Spain's Foothold in the Highlands

The Spanish presence at Eilean Donan was part of Cardinal Alberoni's broader scheme to destabilize Britain during the War of the Quadruple Alliance. In April 1719, two Spanish frigates landed the Marquis of Tullibardine, the Earl Marischal, and roughly three hundred marines on Scotland's west coast. They chose Eilean Donan as their base -- a logical decision, given the castle's position at the confluence of three sea lochs, where it had controlled access to Kintail for centuries. The Spaniards stored their munitions there: 343 barrels of gunpowder and 52 barrels of musket shot, a substantial arsenal intended to arm the Highland clans gathering for the rising. A garrison of forty to fifty marines was left to hold the castle while the main Jacobite force moved inland toward Glen Shiel.

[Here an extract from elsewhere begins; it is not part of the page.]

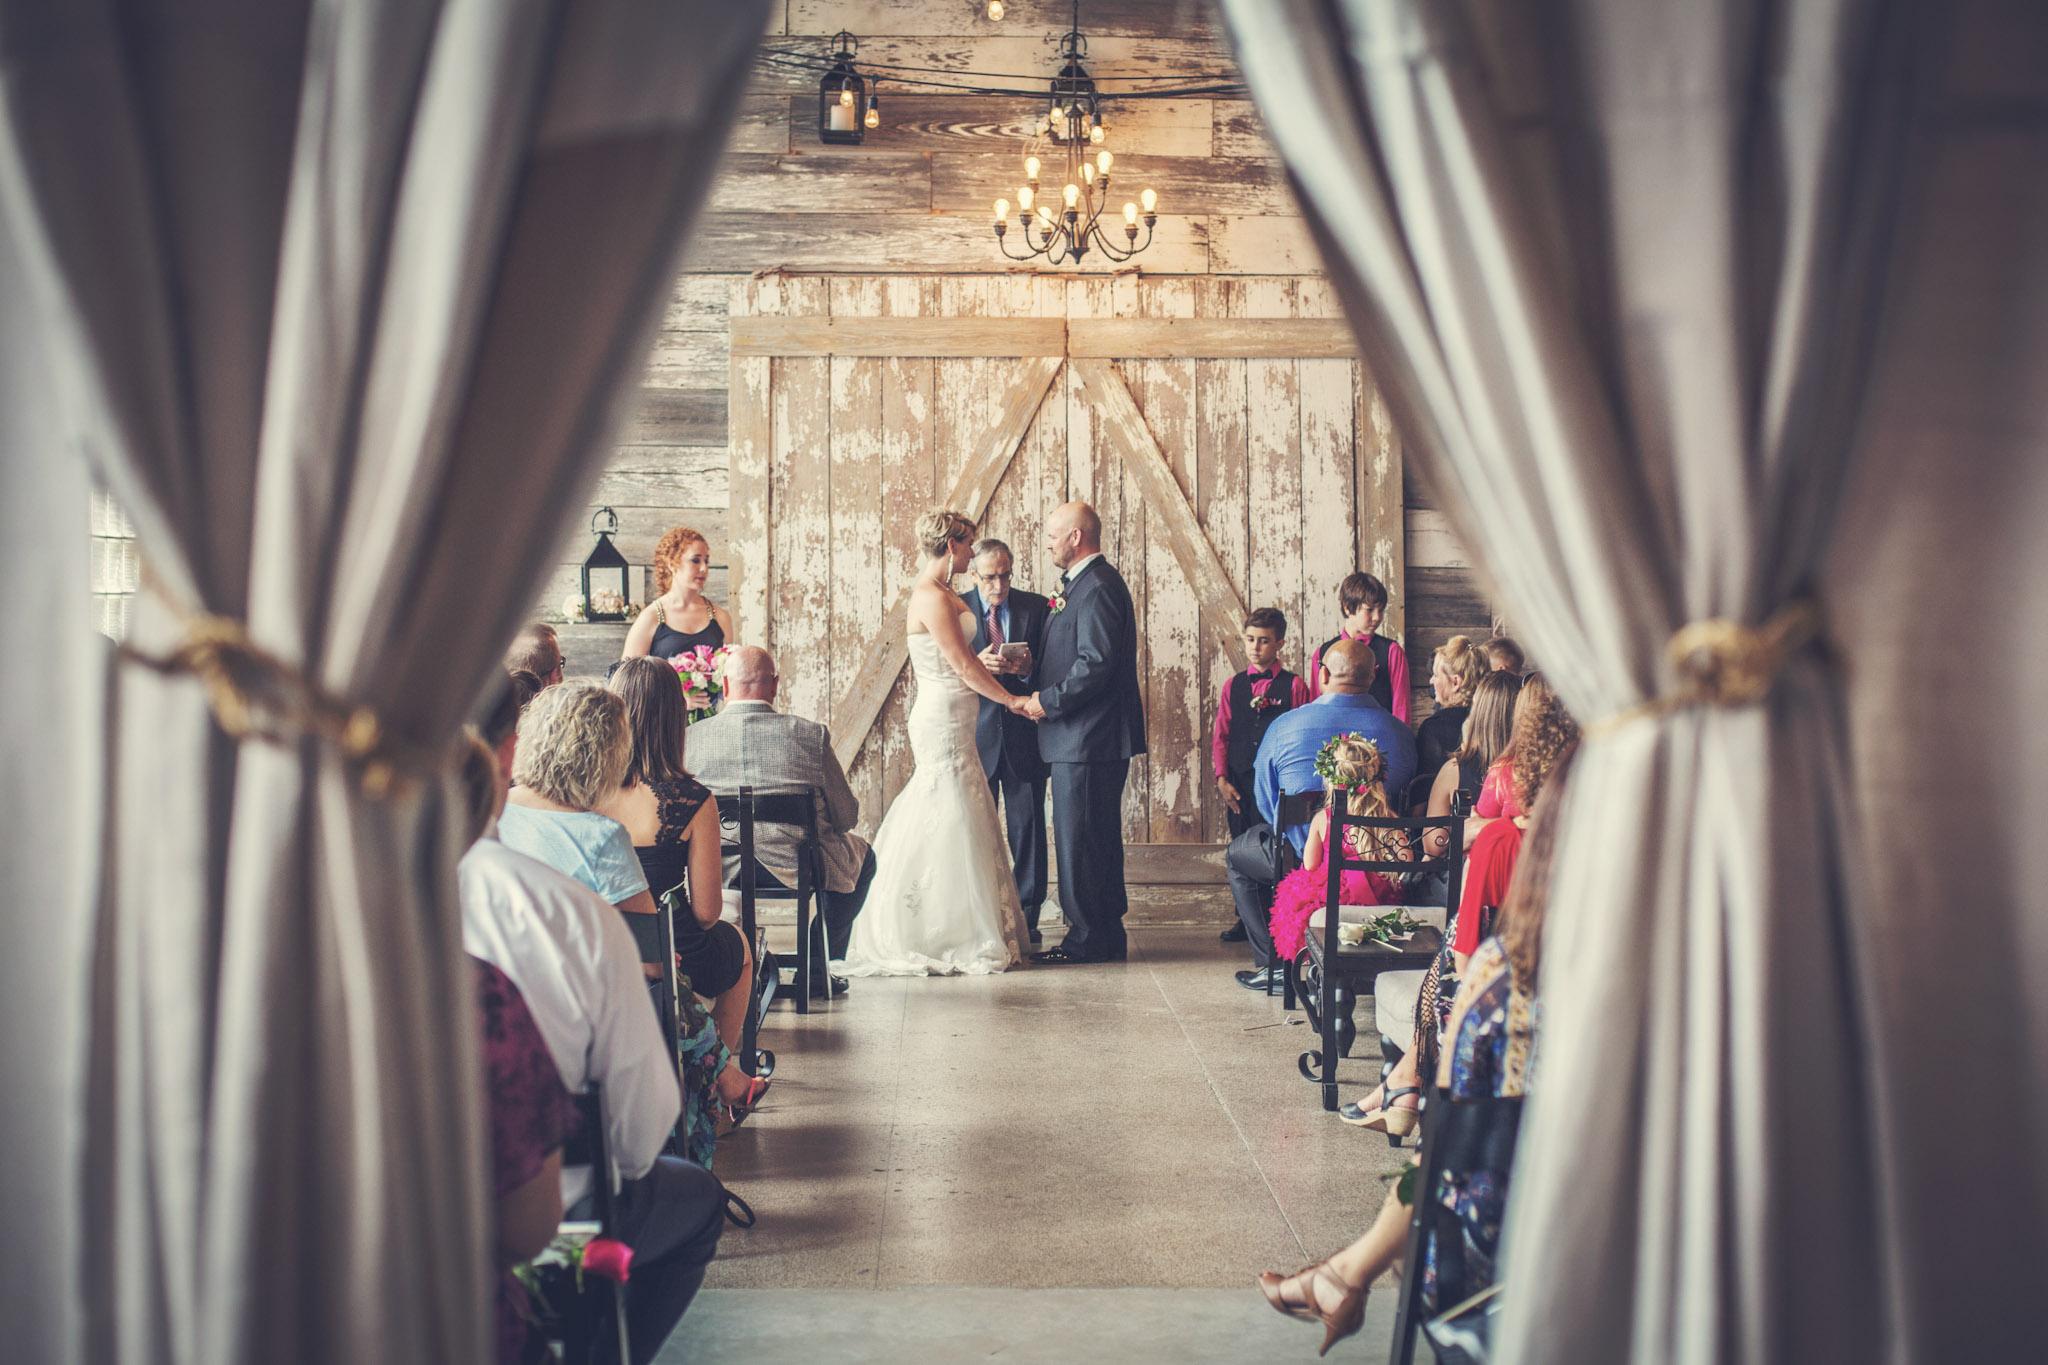 Kansas+City-Small+Wedding-Elope_Intimate_Ceremony_Melanie+David-4.jpg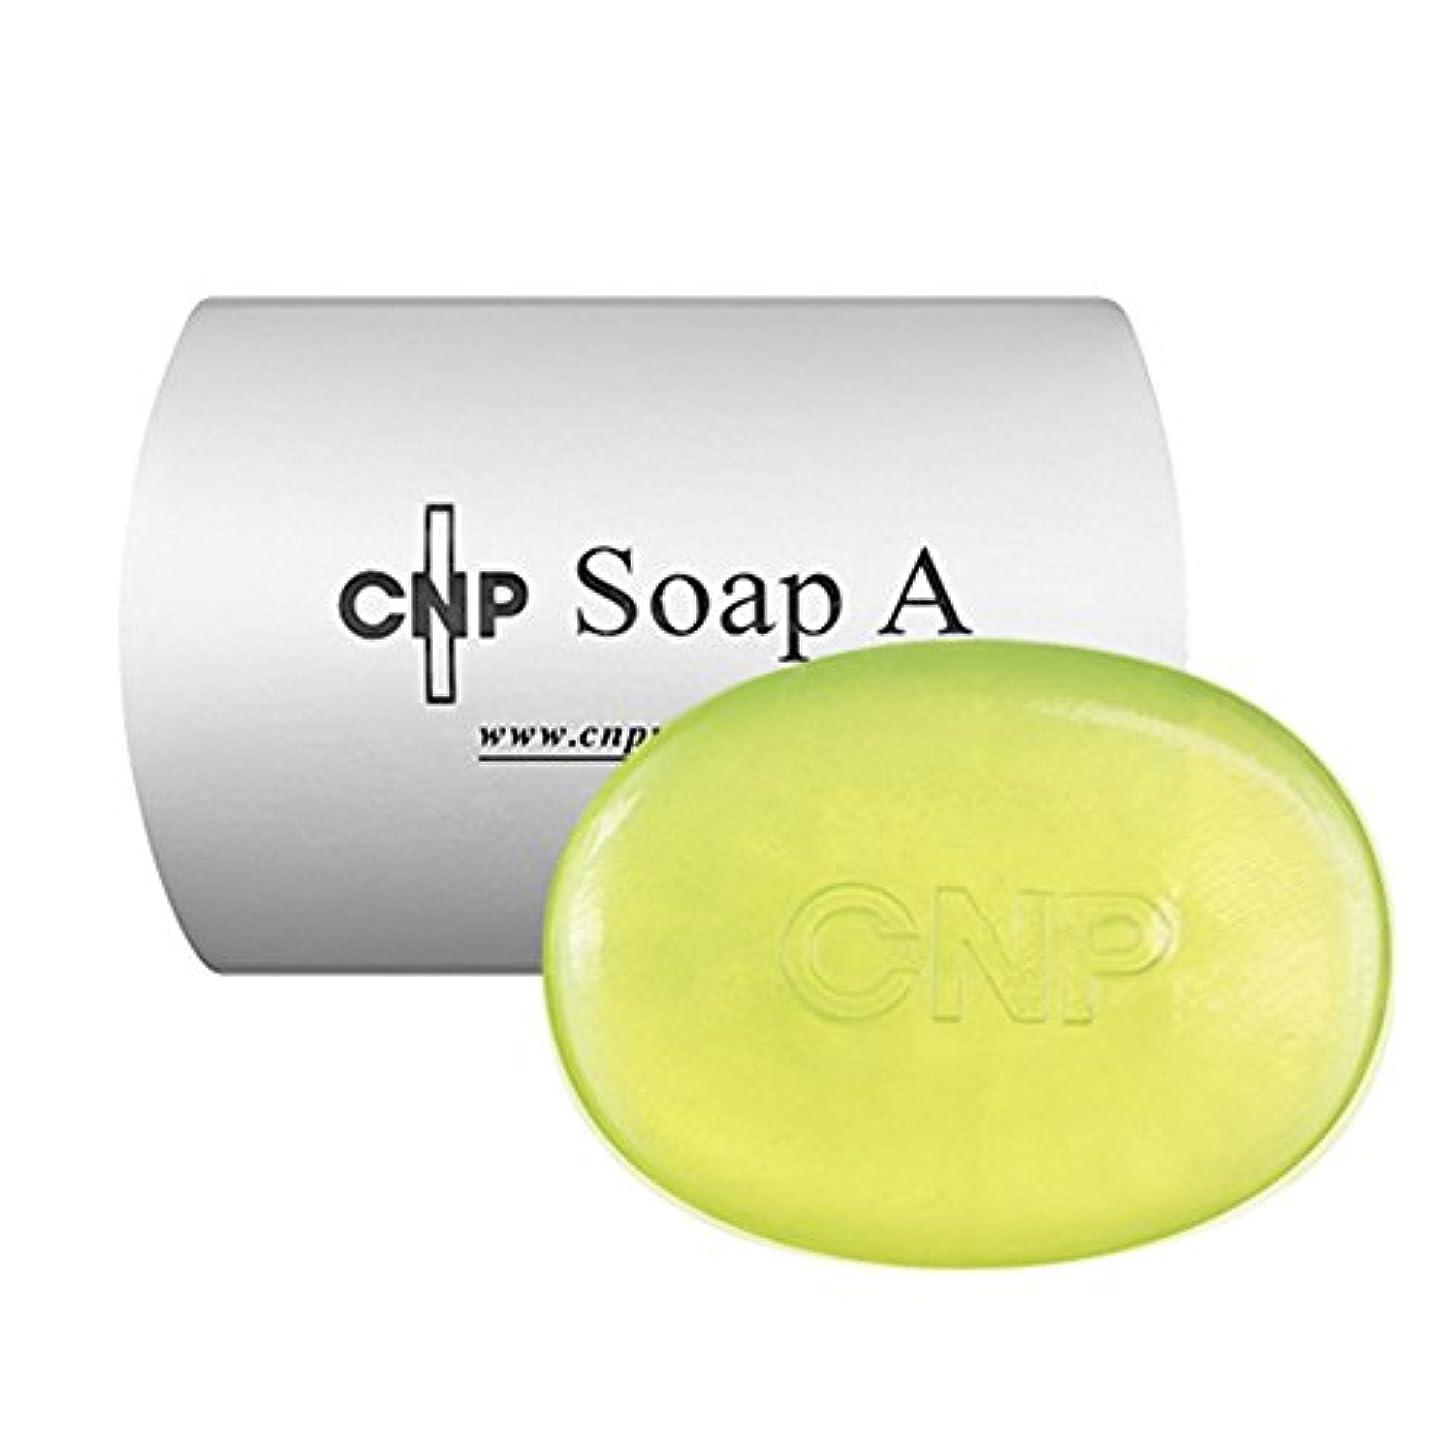 エンゲージメント繰り返すに渡ってCNP Soap A チャアンドパク ソープ A [並行輸入品]

The Flag, the Shot, and the Bombardment

Captain Boyle of HMS Worcester had intelligence about the Spanish garrison and arrived at Loch Alsh on 10 May with his small squadron. The events of that evening set the tone for what followed. When the Spanish fired on the truce boat, Boyle abandoned diplomacy. The next morning the three warships opened a sustained bombardment. Medieval walls built to resist swords and siege ladders offered poor defense against naval cannon. The Spanish garrison, overwhelmed, surrendered after the bombardment breached the defenses. The English landing parties found the castle's magazine intact -- all 343 barrels of powder and the 52 barrels of shot that were meant to supply a Highland rising. Rather than carry this arsenal away, they used a portion of the captured gunpowder to demolish what the cannonballs had not already destroyed.

Two Centuries of Silence

The demolition was devastatingly effective. Eilean Donan, which had stood in some form since the thirteenth century, was reduced to a shell. The walls that had sheltered Clan Mackenzie and their MacRae constables, that had withstood clan feuds and political intrigue for four hundred years, now stood open to the weather of Loch Duich. The loss of the Spanish arms cache also doomed the rising itself. Without powder and shot, the Jacobite force that assembled at Glen Shiel a month later fought at a severe disadvantage, and the battle on 10 June ended the 1719 rebellion in a single afternoon. The ruins of Eilean Donan became a landmark of romantic desolation. It was not until 1919, exactly two hundred years after the destruction, that Lieutenant Colonel John MacRae-Gilstrap purchased the island and began a painstaking reconstruction that took thirteen years. The castle visitors see today -- one of the most photographed in Scotland -- is largely his creation, built on the bones of what three Royal Navy warships left behind.

From the Air

Eilean Donan Castle sits at 57.27°N, 5.52°W on a small tidal island at the confluence of Loch Duich, Loch Long, and Loch Alsh. The castle and its stone bridge are clearly visible from the air. The A87 road passes nearby. Kyle of Lochalsh lies approximately 5 nm to the west. Nearest airports: Broadford (Isle of Skye) approximately 15 nm to the west; Inverness (EGPE) approximately 50 nm to the east.